__About this task__
Copy verbatim the span of lines beginning at the line that contains "Sprocket is more" and ending with the final line of the data. Exclude pictures from the copy.

__Source material__

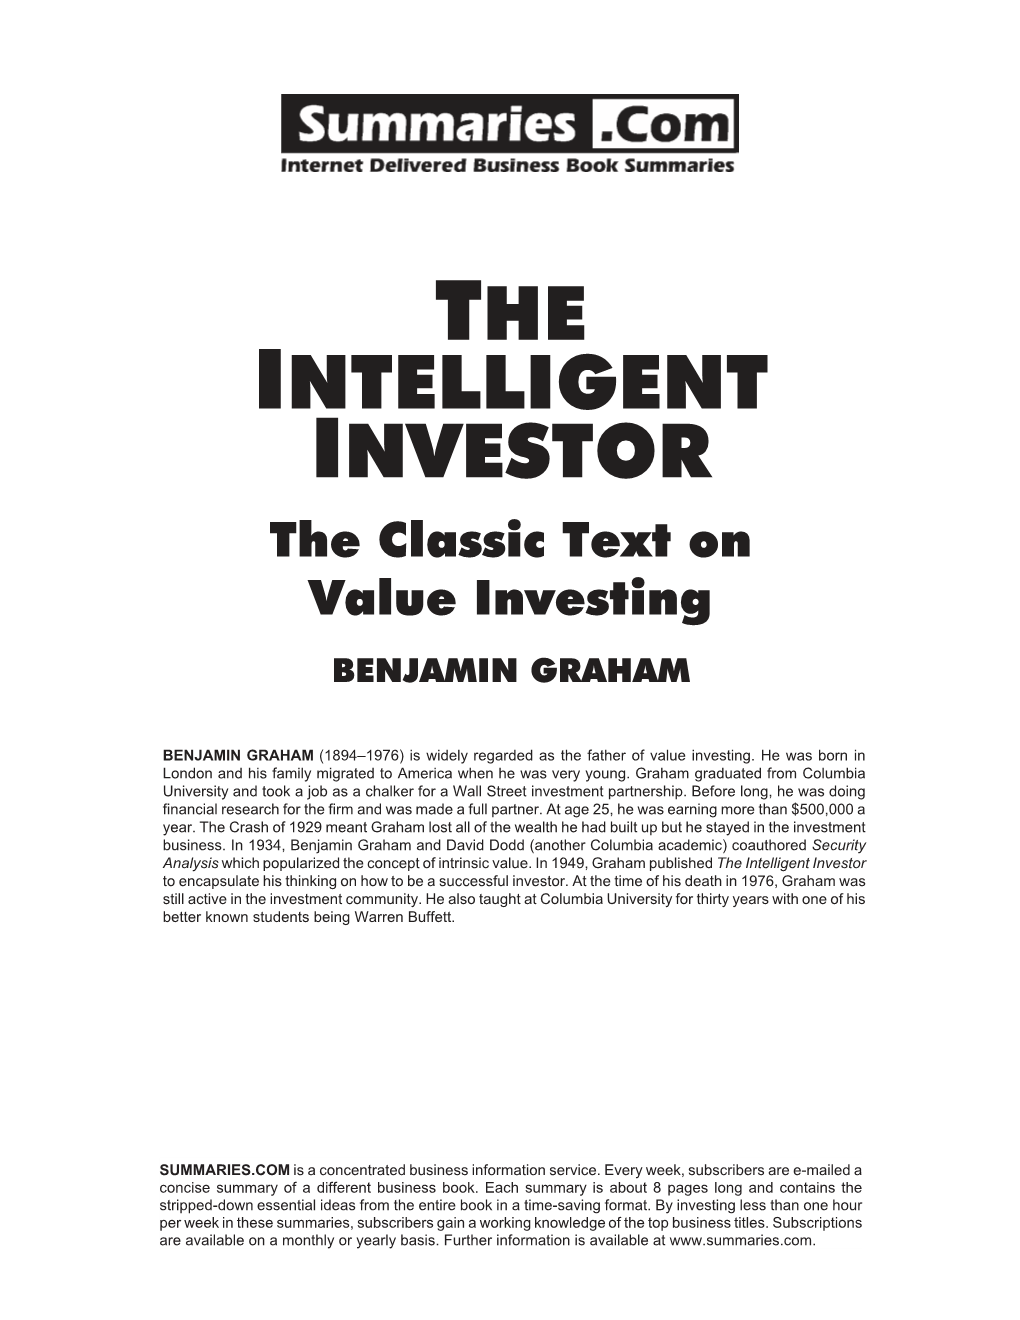 THE INTELLIGENT INVESTOR the Classic Text on Value Investing BENJAMIN GRAHAM
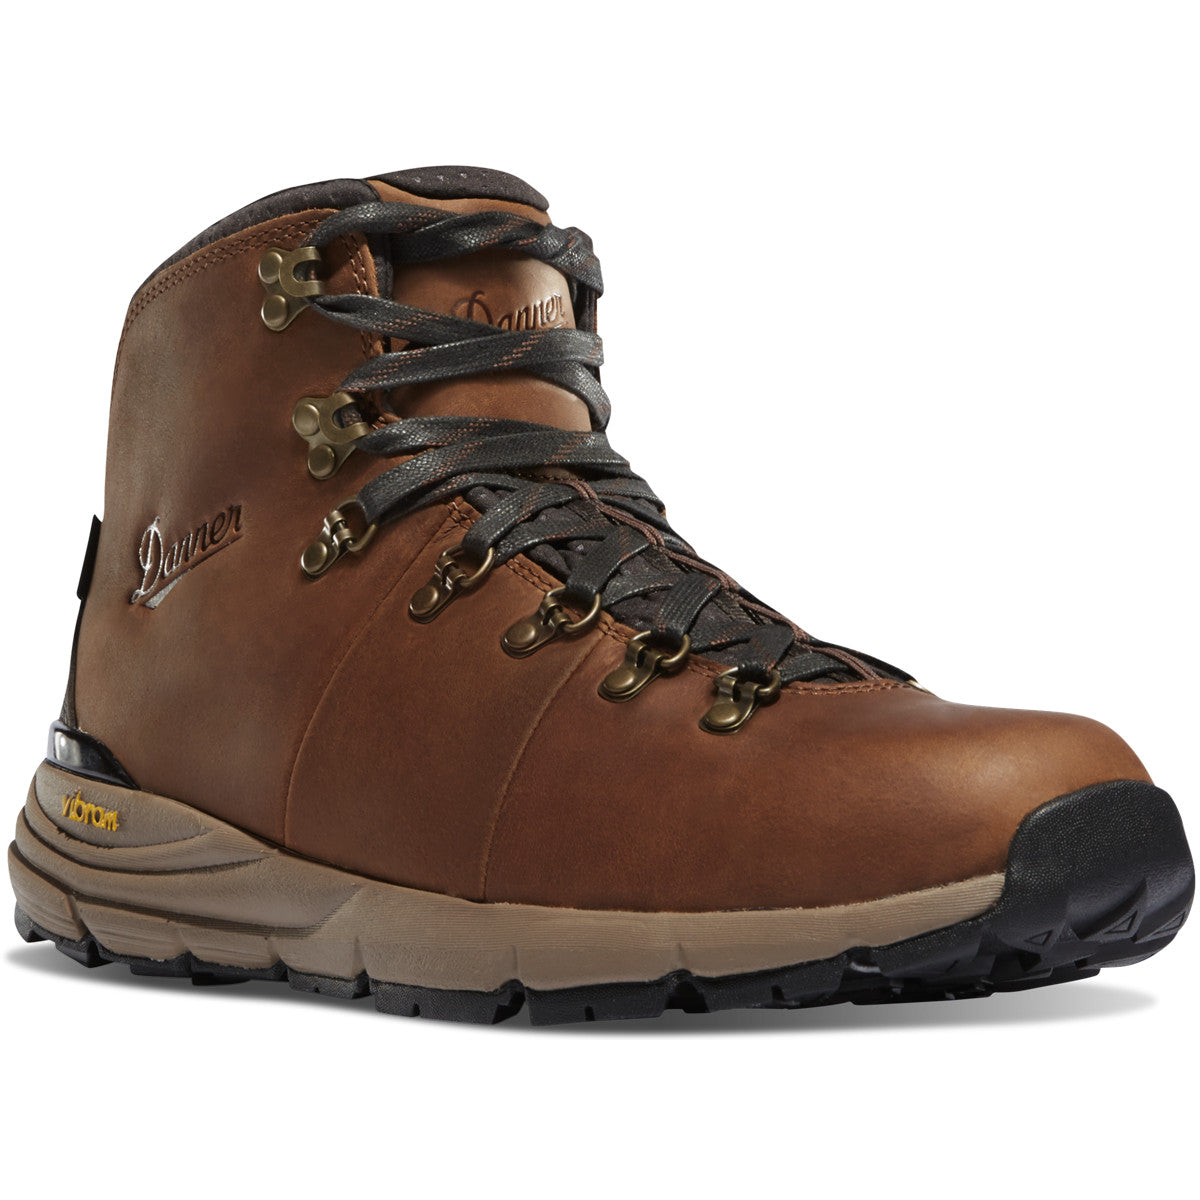 a photo of the Danner Mountain 600 in brown with red laces
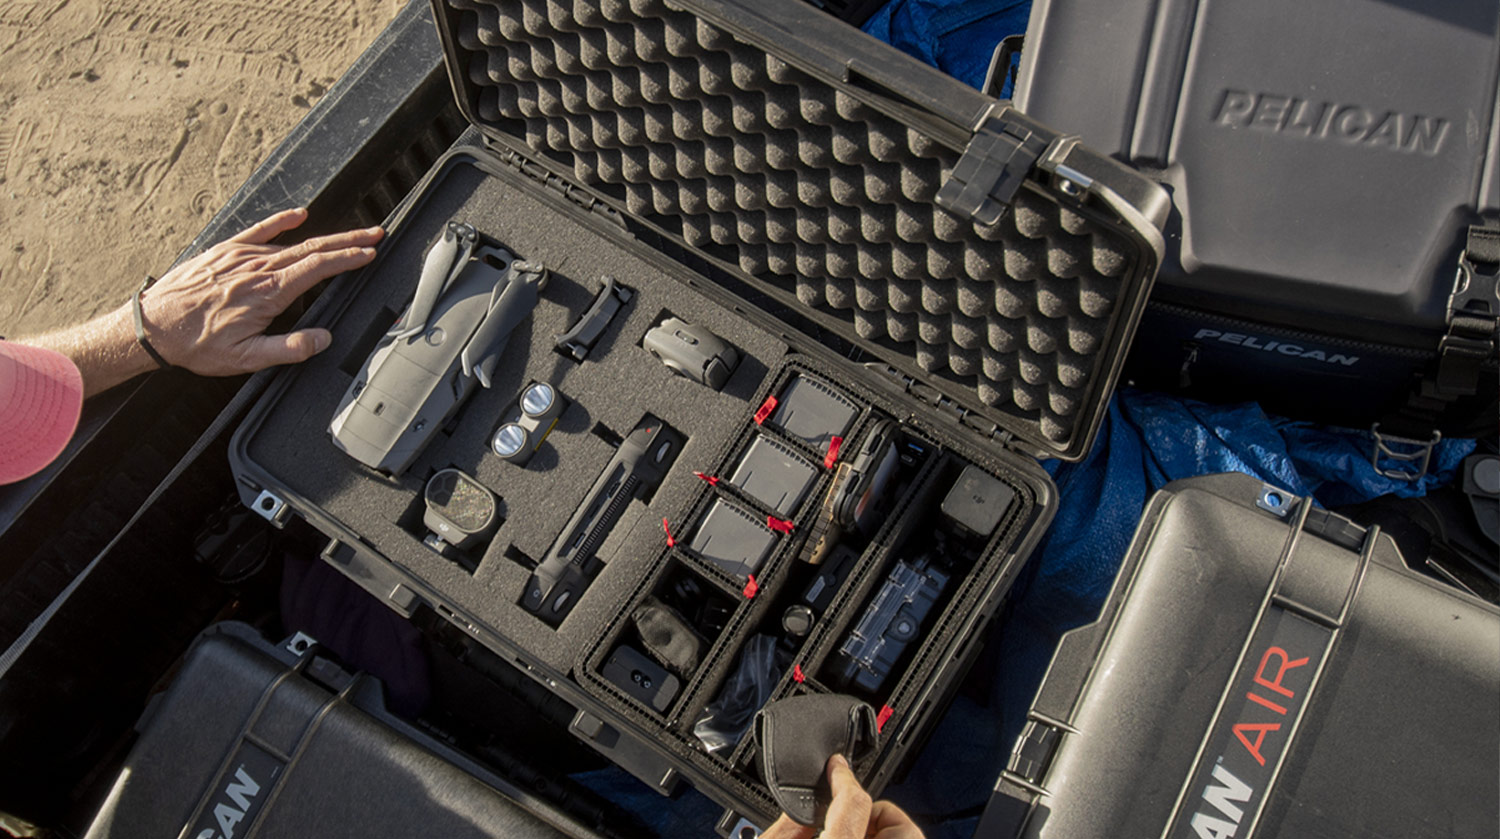 pelican professional blog choosing the right pelican case for your gear
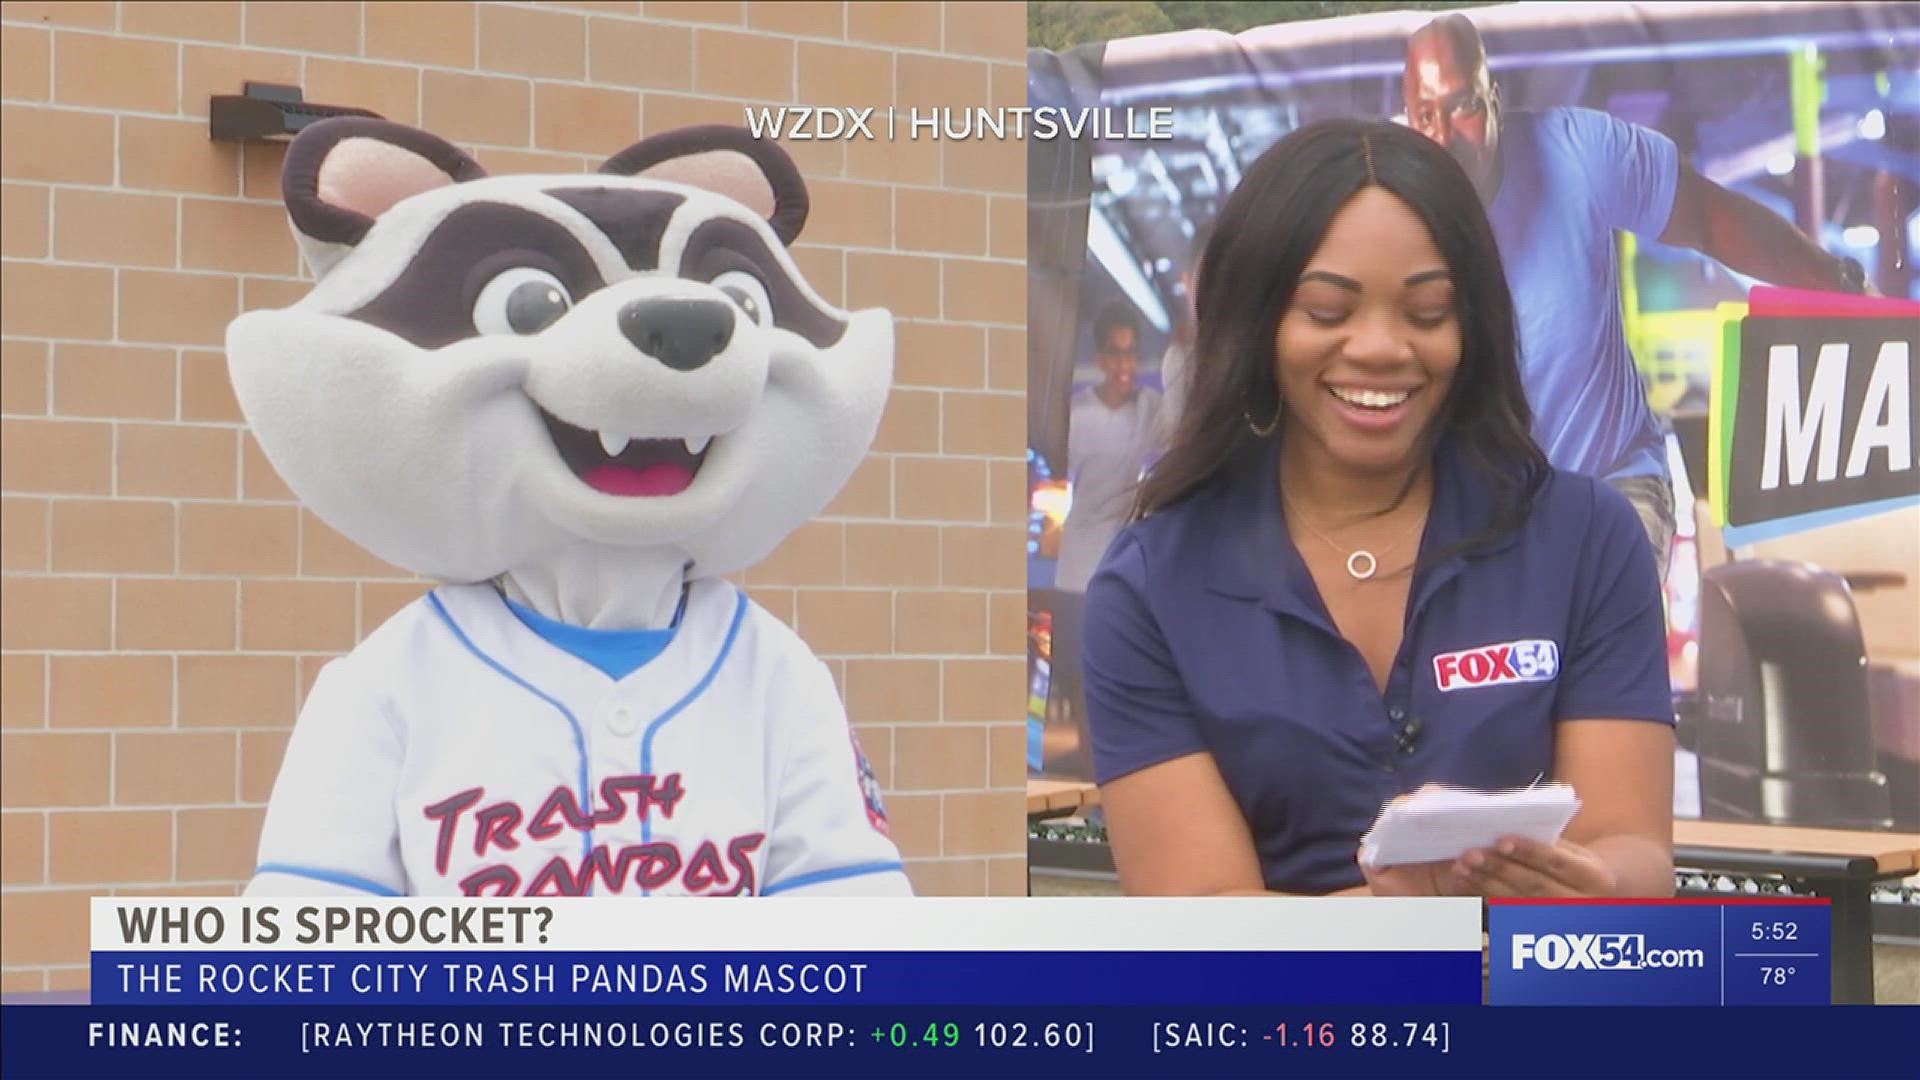 Sprocket is more than a mascot he is a major part of the Rocket City Trash Pandas organization.
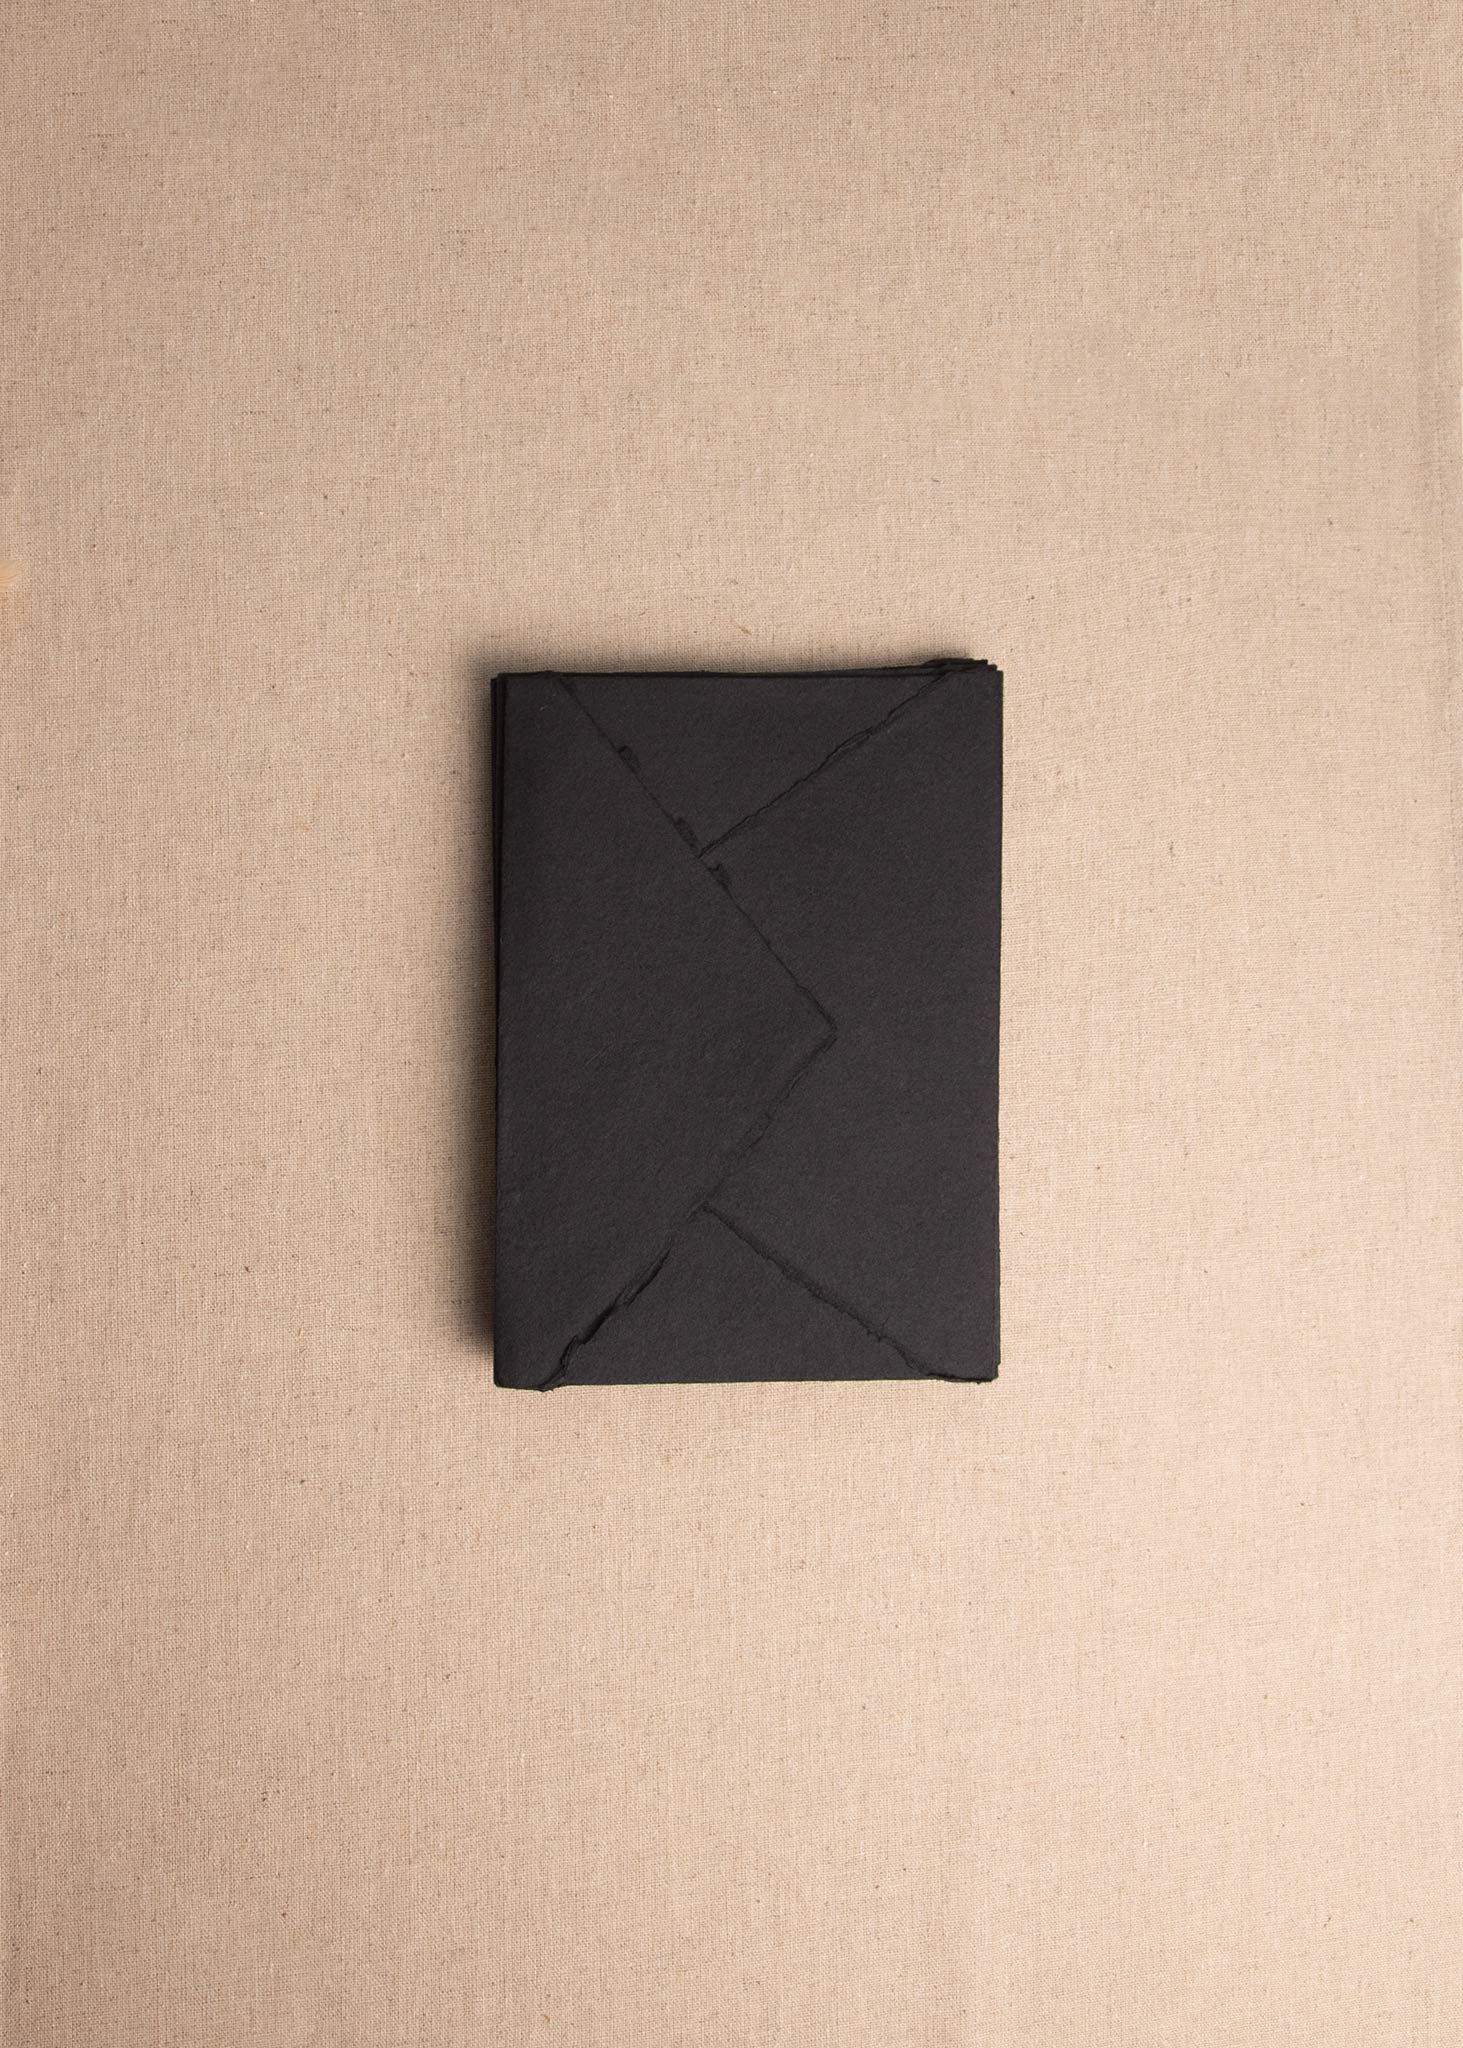 A6 Black Handmade paper envelope with deckle edge

__Written response__
 Sprocket is more than a mascot he is a major part of the Rocket City Trash Pandas organization.
 A6 Black Handmade paper envelope with deckle edge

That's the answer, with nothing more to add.